You can never, whatever you do
Set foot in the same brook twice.
All that you see is new,
Another roll of the dice.
When I was a kid we spent every summer vacation in Sydney, Nova Scotia. Two dogs, four kids, Mum, Dad and all the gear we’d need for camping, packed into our Ford station wagon for three days on the road.
Until yesterday it had been more than five decades since I visited 99 South Bentick Street, the paternal seat of our branch of the Spence clan in North America. So I suppose it’s not surprising things have changed.
What did surprise me though was how much my memories of things that haven’t changed all that much in all that time were so distorted.
The scene of our childhood adventures, a brook that ran through a ravine where South Bentick dead ended, isn’t much more than a ditch. And all the ghosts have fled the cemetery farther up the ravine, the spooky setting of our horror stories.

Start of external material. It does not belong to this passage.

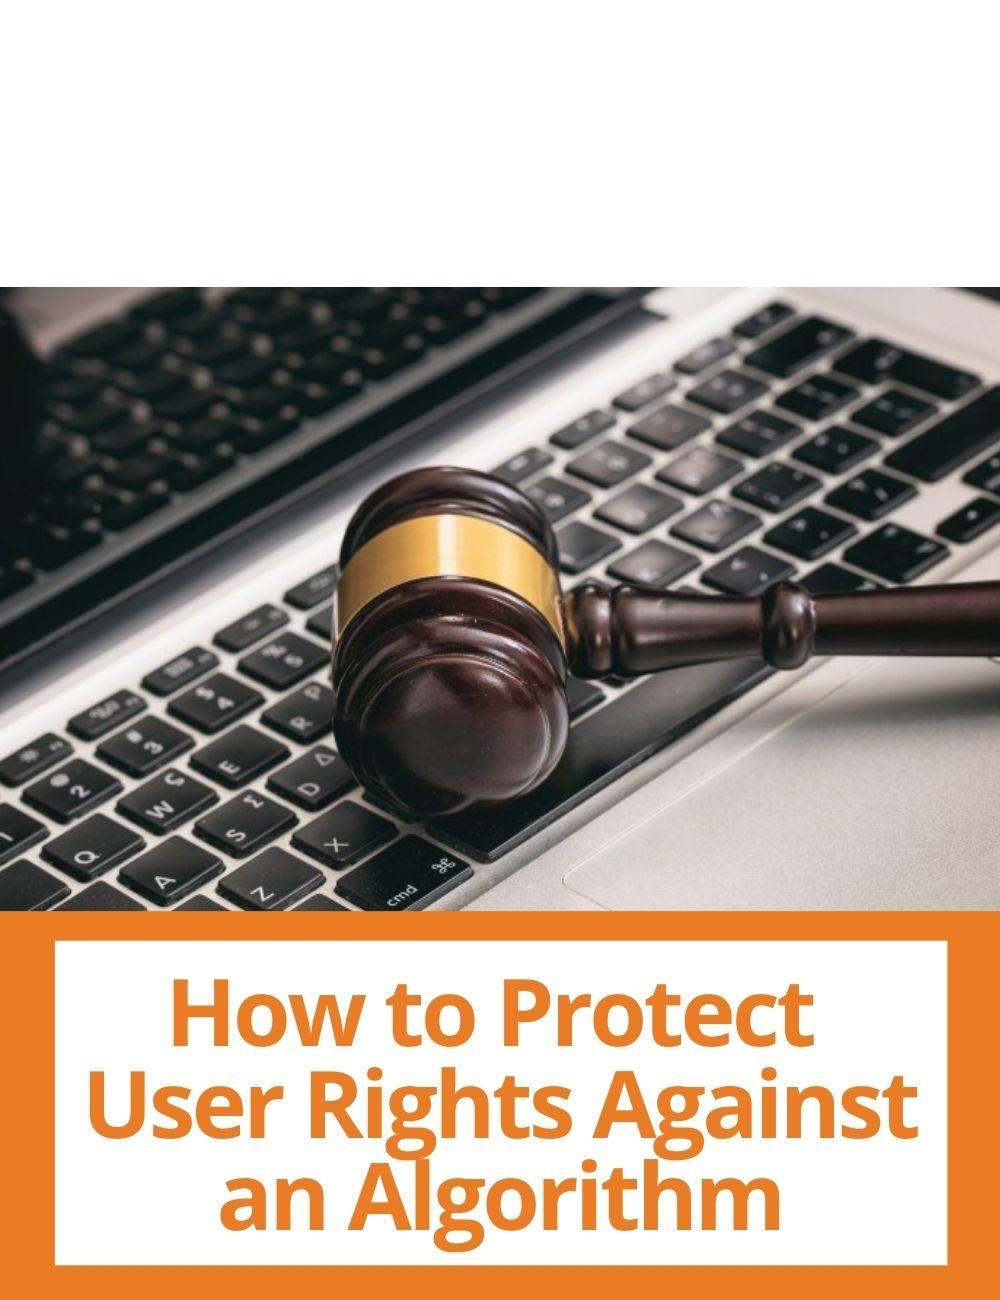 Link to related stories. Image: a gavel on a computer. Story headline: How to Protect User Rights Against an Algorithm

Some of the change is real, however. The address of my grandparents’ house is no longer 99 South Bentick… to anyone but me that is, and probably my siblings. I won’t go into the complex details, but the ancestral mansion is now in the 400 block. And it’s no longer clad in green shingles with white trim; it’s siding is vinyl, like most other houses on the street.
Venturing farther afield I found myself in a town that mixes elements of things remembered with sights I never could have imagined. A gigantic cruise ship was docked in the harbour, where we sometimes ventured as children. And at the end of the boardwalk – which didn’t exist in our world – ‘the ‘world’s biggest fiddle’ awaits.